It could just be lack of exposure (or adventure) on my part, but I’ve become accustomed to (and almost expect), films set in modern day France and featuring black people, to be about immigration, social marginalisation, disaffected black youth… all of which tend to serve up images of grit, grime, poverty… So Jean-Paul Civeyrac’s My Friend Victoria, was something of a surprise.
Set in Paris, the film is based on a Doris Lessing story, Victoria and the Staveneys, and tells the story of Victoria, a young black woman of no remarkable talent, drive or ambition. The story is narrated by Fanny (Nadia Moussa), Victoria’s literature devouring adopted sister and friend, and starts when Victoria is 8 years old and has to spend a night in the home of a white, liberal, middle-class family. That one night, which is easily forgotten by the family, has a profound effect on Victoria, bordering on obsession. Her next contact with the family is several years later with the younger son, with whom she has an affair the summer before he goes away to university in the US. This short, affectionate but not particularly passionate affair results in a child, Marie, who is welcomed into the family at around the same age that Victoria was when she first met them.

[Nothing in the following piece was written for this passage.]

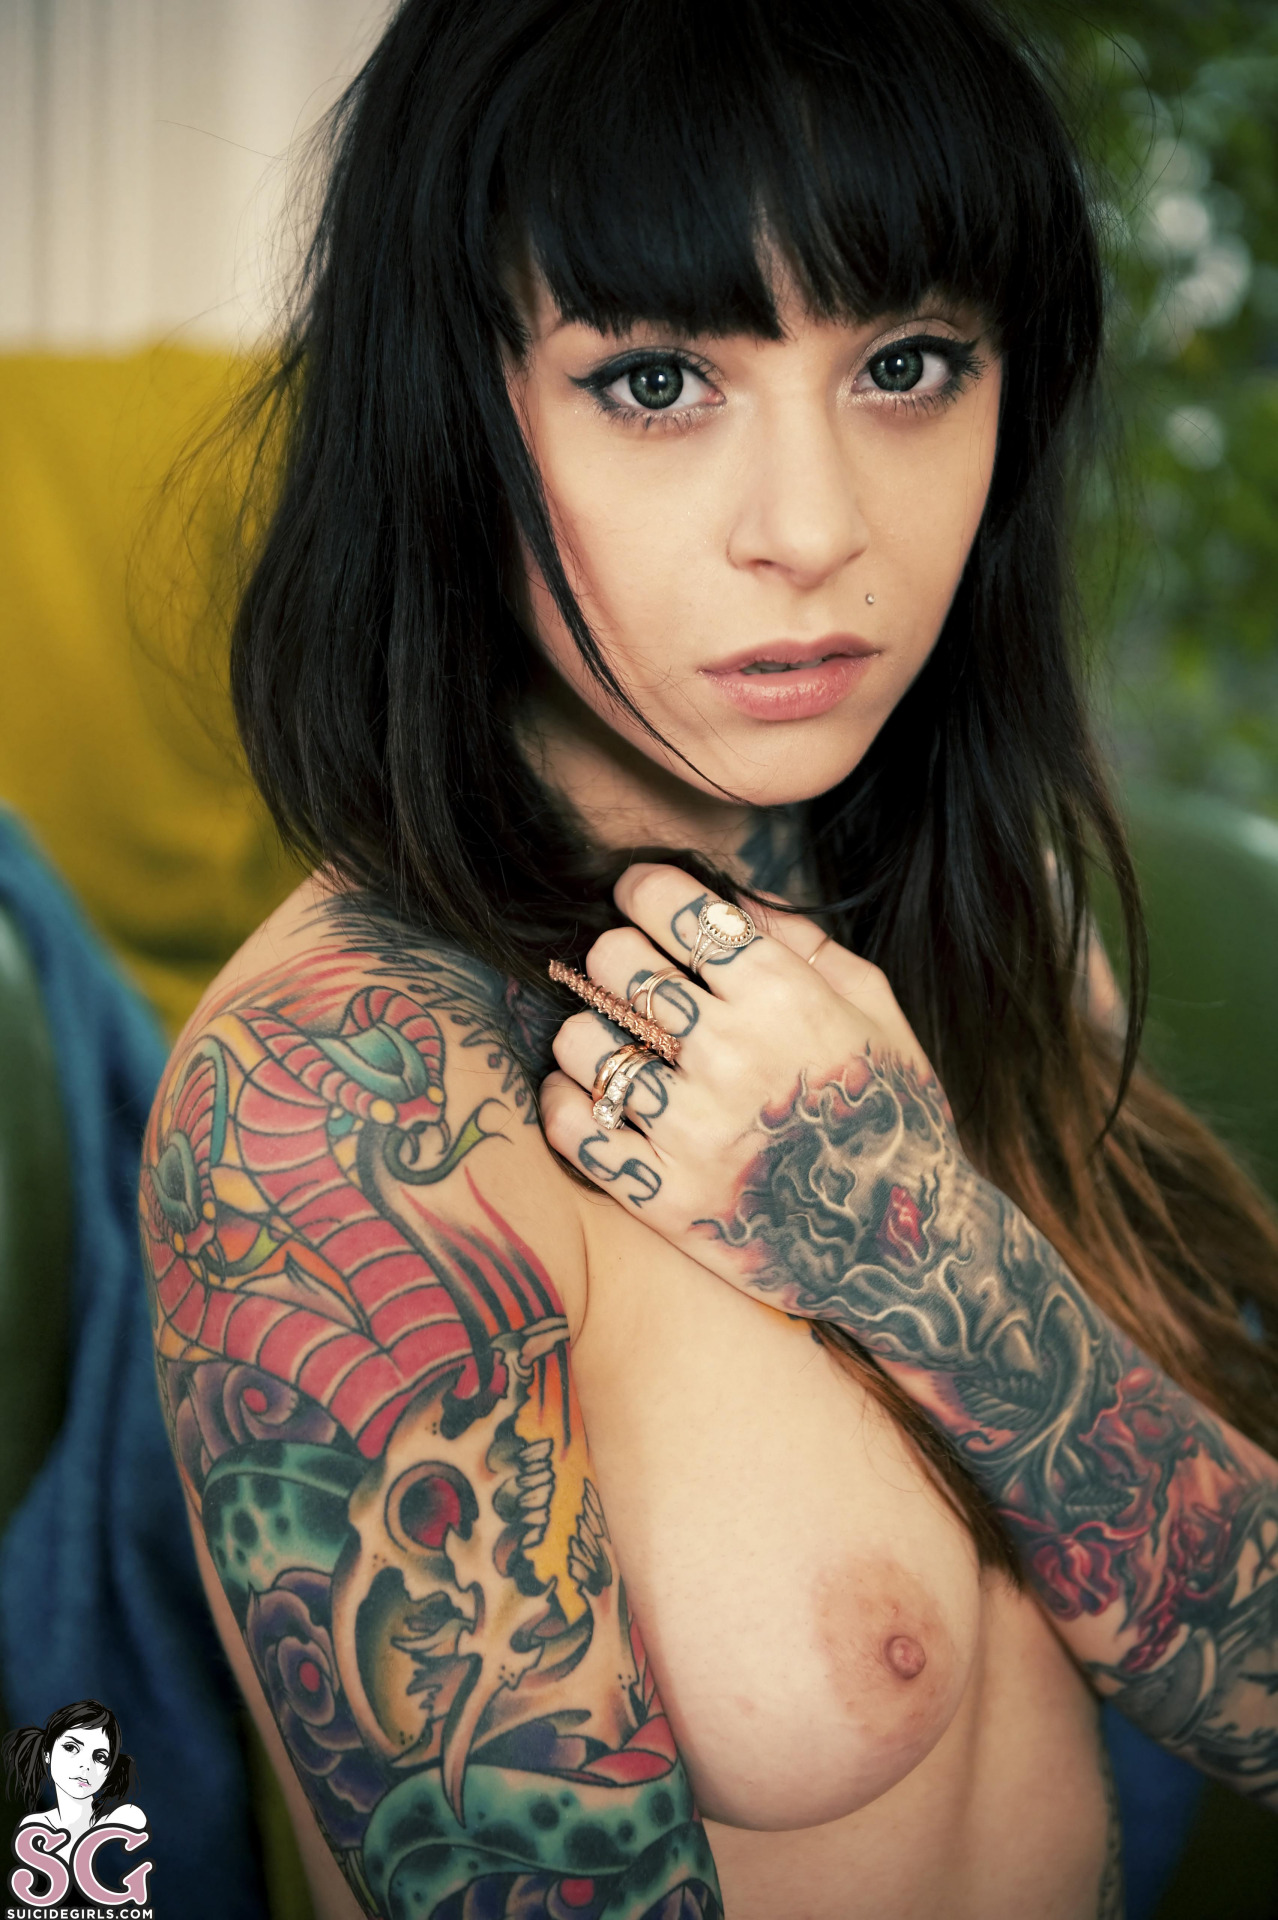 suicide-girls-naked-tattoos-nude-mix-vol9-18

What is remarkable about this film is its ability to remain engaging despite its lack of drama or overt tension. Victoria seems to get the boy (twice, at least), gets jobs (several, in fact, none of which she seems particularly fond of or committed to), and what little family she does have, loves her completely and unconditionally. However, with Victoria (Guslagie Malanda) portrayed weightlessly as an outsider, a loner, and drifter, of sorts, there’s a pervading sense of pathos and melancholy – thanks, in no small part to Fanny’s third party narration both bridging and emphasising the distance between audience and subject, even as it seeks to delve into her most personal life.
Rather than a character study, the film is a subtle and well-observed critique on class, identity and race in Paris. The open minds and arms of the liberal white family who warmly embrace Victoria and their new-found daughter/niece/grand-daughter, isn’t totally devoid of casual, even if unintentional, racism, and highlights the gulf between those who can afford the luxury of dipping into urban life (both literally in terms of culture and conurbation) in order to find a sense of grounding, social responsibility and awareness, and those who have no choice but to go with the flow, whether swimming or floating.
Whilst far from being your typical white saviour film (the family here is way too self-aware and anxious not to be seen as such), there is a sense that willingly accepting, or even actively seeking out, the affections of white society is any black persons best hope of finding comfort in modern day France, even if only for your kids (in Victoria’s case), if not yourself (as in Fanny’s). Although a loving black intra-racial relationship is portrayed, the best and most lasting alternative to white affection and acceptance would seem to be an altogether more gritty, passionate attitude of anger and attrition, as glimpsed very briefly in the teenaged Sekou (Fanny’s brother) and his friends, who seemed to be visiting from a different kind of French film altogether – one populated with disaffected black youth, in a milieu of grit, grime, poverty and the threat of social unrest.
My Friend Victoria screens at London Film Festival on the 10th, 12th and 15th October.